=== Information supplied ===
********
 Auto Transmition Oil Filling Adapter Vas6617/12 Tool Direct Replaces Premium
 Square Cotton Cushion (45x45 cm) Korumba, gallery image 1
********
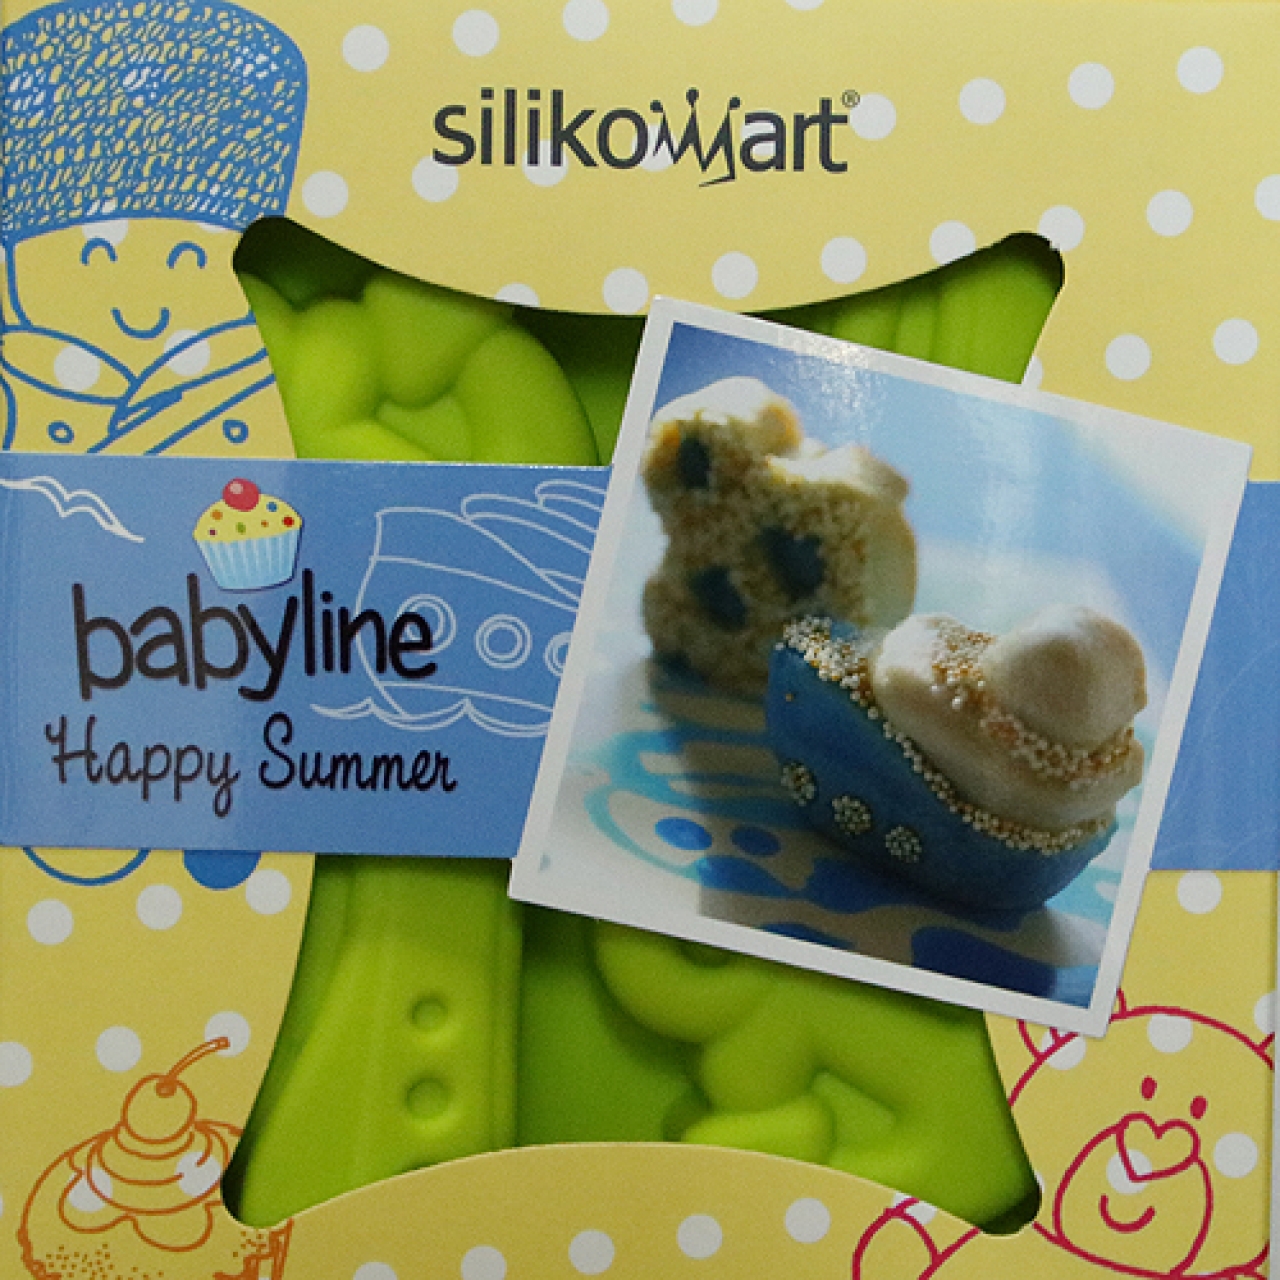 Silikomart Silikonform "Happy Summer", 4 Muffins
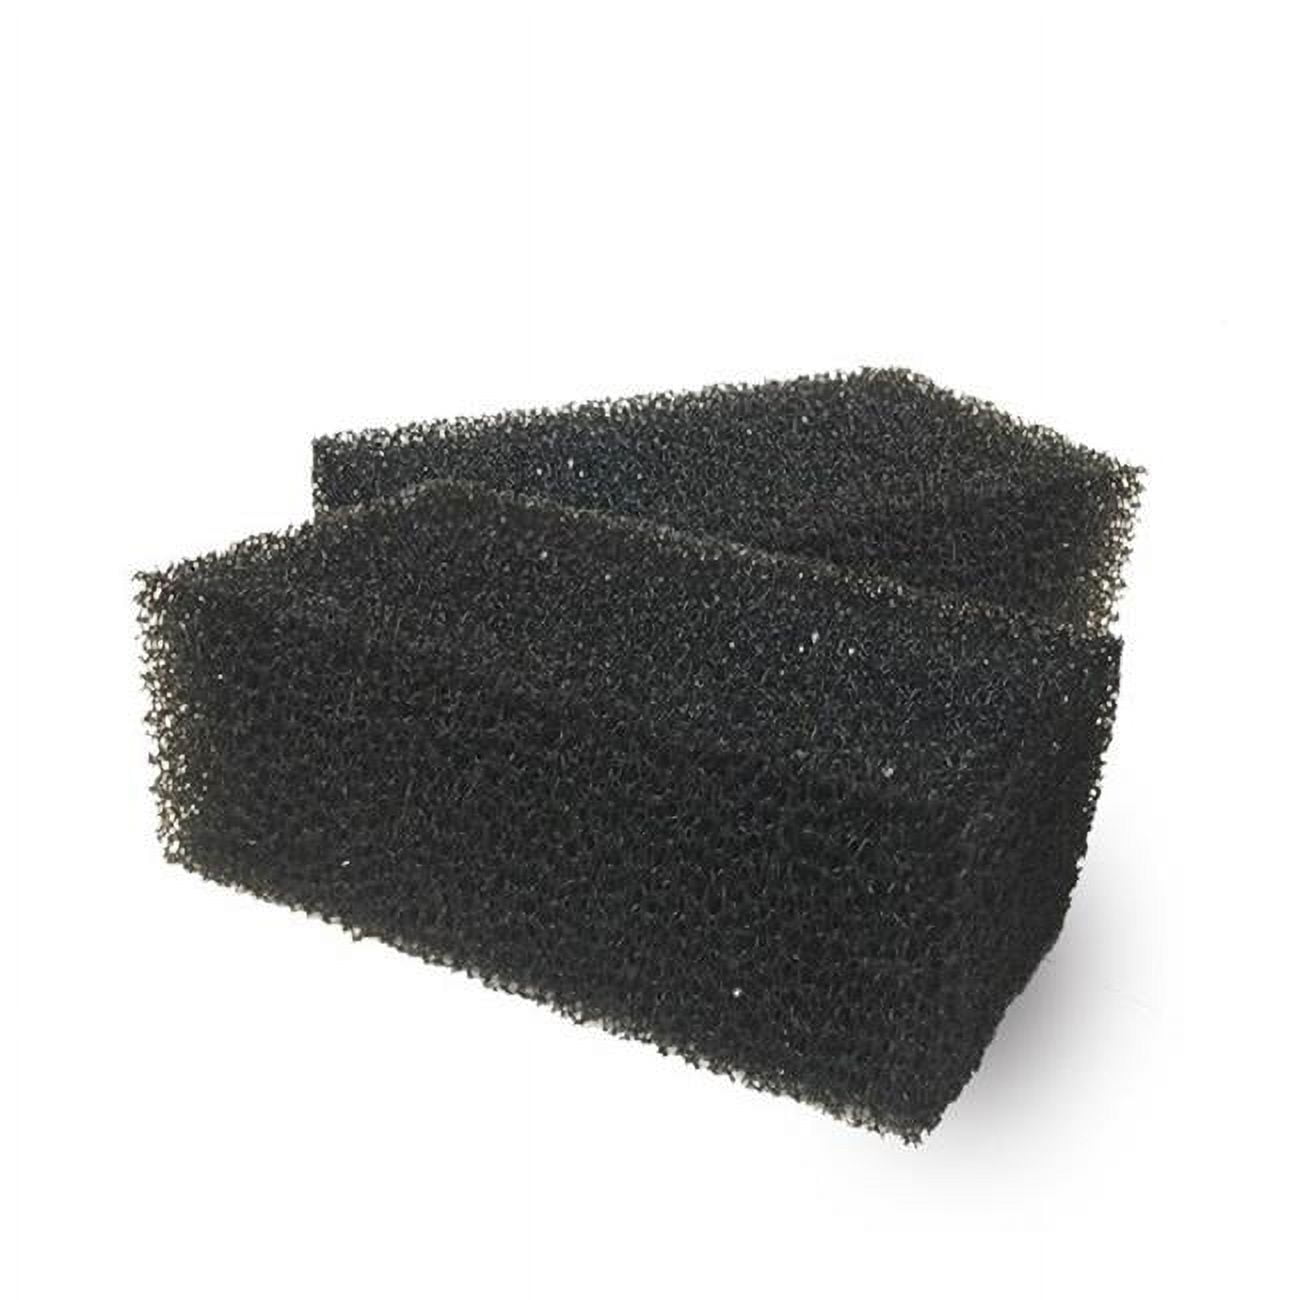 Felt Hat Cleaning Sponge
********
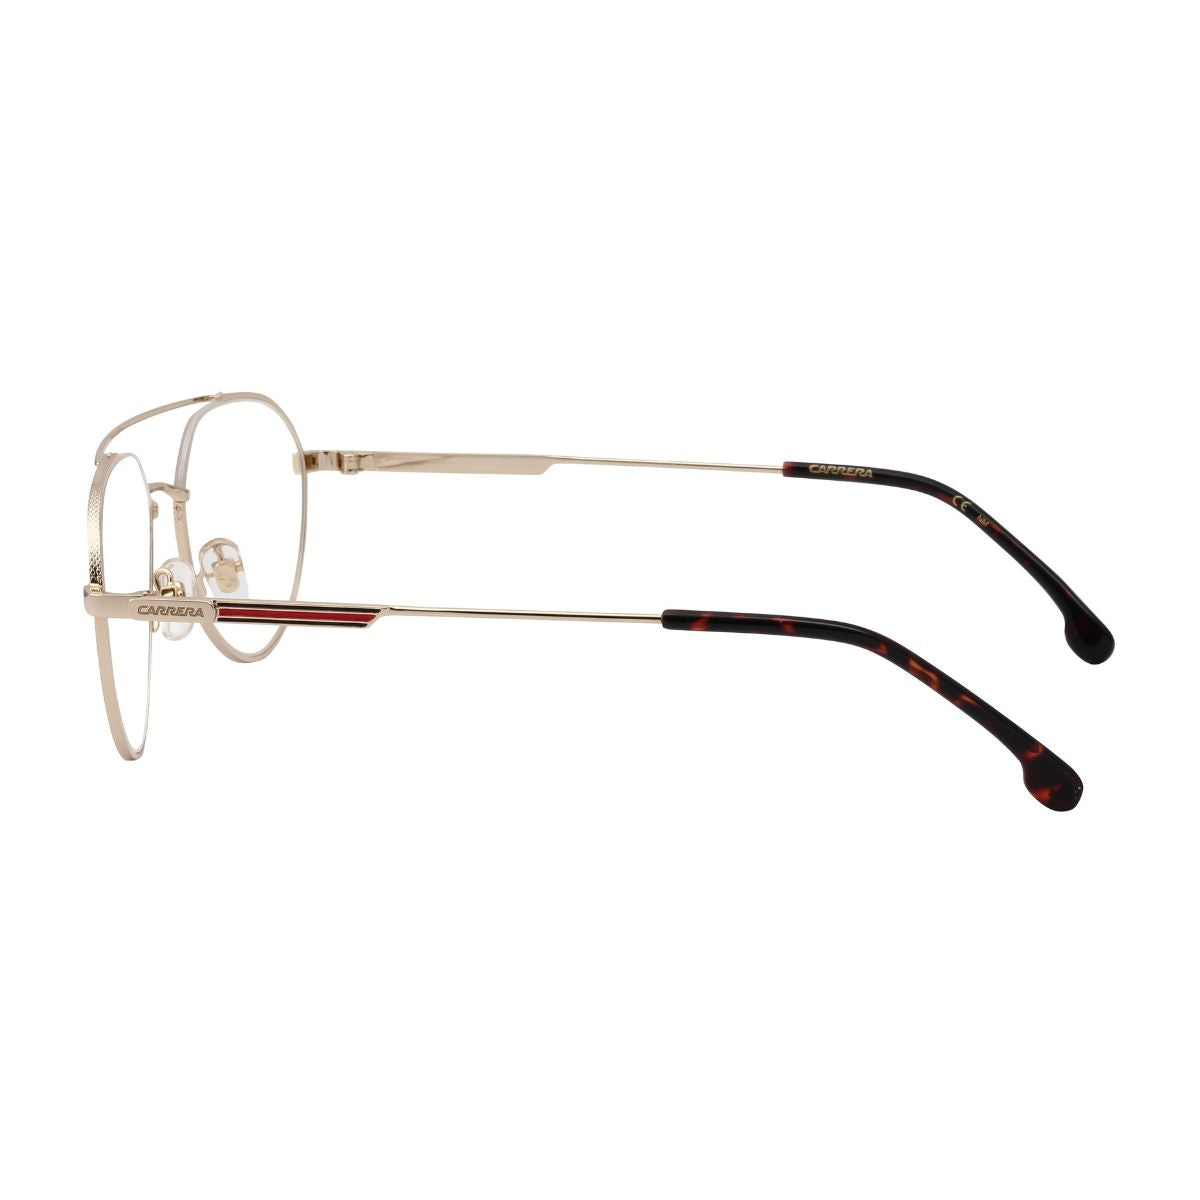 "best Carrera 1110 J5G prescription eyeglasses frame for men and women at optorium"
********
=== Task prompt ===
Keeping every character as it is, restate the lines above that run from the line with "Auto Transmition Oil" through the line with "Square Cotton Cushion", both included, and nothing else.

=== The answer ===
 Auto Transmition Oil Filling Adapter Vas6617/12 Tool Direct Replaces Premium
 Square Cotton Cushion (45x45 cm) Korumba, gallery image 1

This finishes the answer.